Die Informationen wurden auf Facebook von Comercio Gastronomía Manicaragua veröffentlicht, die erklärten, dass die Vorbereitung Teil von solidarischen Aktionen war, die von Beschäftigten des Sektors inmitten der aktuellen energetischen Engpässe, die das Land betreffen, angestoßen wurden.
Laut der offiziellen Veröffentlichung gehört die Herstellung von Caldosa in den Gemeinden zu den Initiativen des lokalen Handels, um sensiblen Institutionen in Zeiten von Stromausfällen und Schwierigkeiten zu unterstützen.
Die Bilder und die Botschaft jedoch stießen auf zahlreiche Kritiken von Nutzern der sozialen Medien, die die Prekarität, die in der Szene reflektiert wird, sowie den Ursprung der verwendeten Lebensmittel in Frage stellten.
„Eine Bodega, die kalte Suppe ‚spendet‘ – woher haben sie die Zutaten? Das ist eine Umleitung von Ressourcen“, kommentierte Felipe Salazar Torres.
Andere Nutzer äußerten Traurigkeit oder Empörung. Clara Pérez schrieb: „Was für ein trauriges Land, das ist noch nie dagewesen“, während Reynier Flanders Paris die Situation als „Chroniken der Misere“ bezeichnete.
Es gab auch Kommentare, die in Frage stellten, dass eine solche Geste als Erfolg präsentiert wird. „Halten Sie das für einen Erfolg? Eine kalte Suppe“, bemerkte Uberlandi Montero.

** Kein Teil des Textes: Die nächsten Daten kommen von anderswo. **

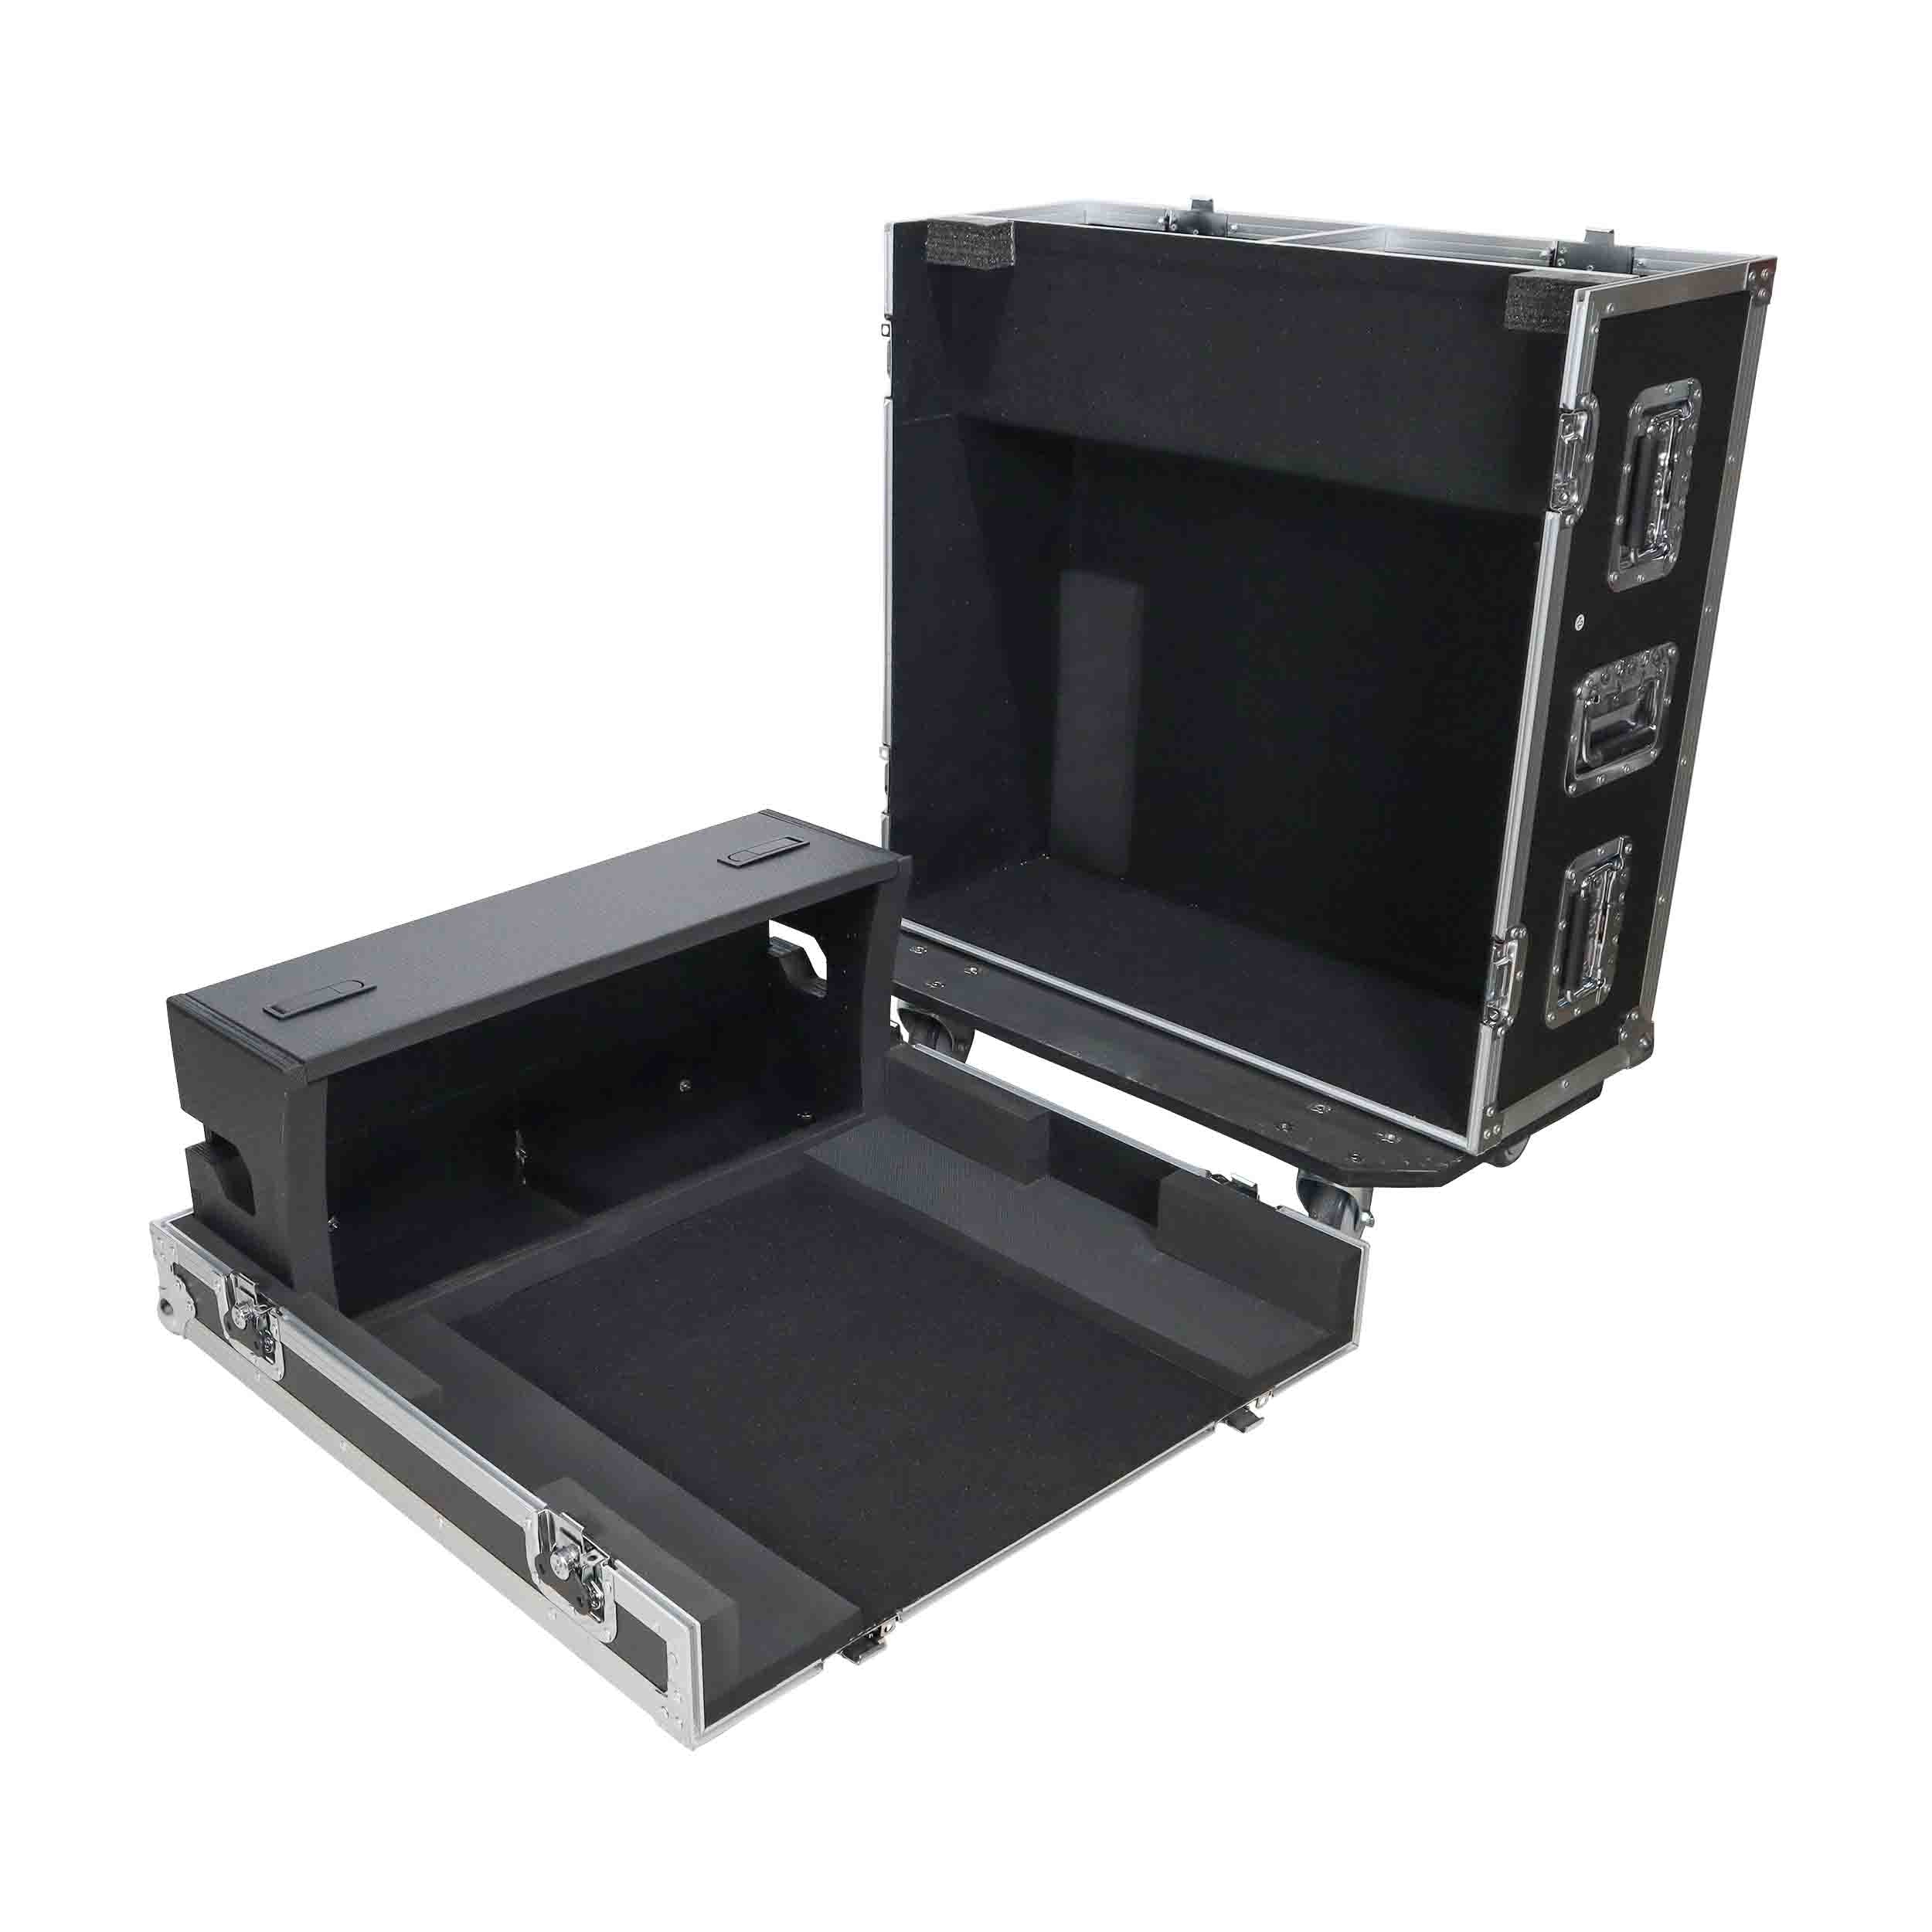 ProX XS-YDM7COMPACTEXDHW, ATA Digital Audio Mixer Flight Case for Yamaha DM7 Compact Extension Console by ProX Cases

Einige Nutzer verteidigten jedoch die Initiative. Castell Titica betrachtete es als „eine schöne Geste“, während Magdelay López die Bodeguera für die Aktion lobte.
Die Bilder und die daraus entstandene Debatte spiegeln das Klima der sozialen Frustration inmitten der wirtschaftlichen und ernährungsbedingten Krise wider, die das Land durchlebt, wo selbst kleine solidarische Gesten zum öffentlichen Streitpunkt werden.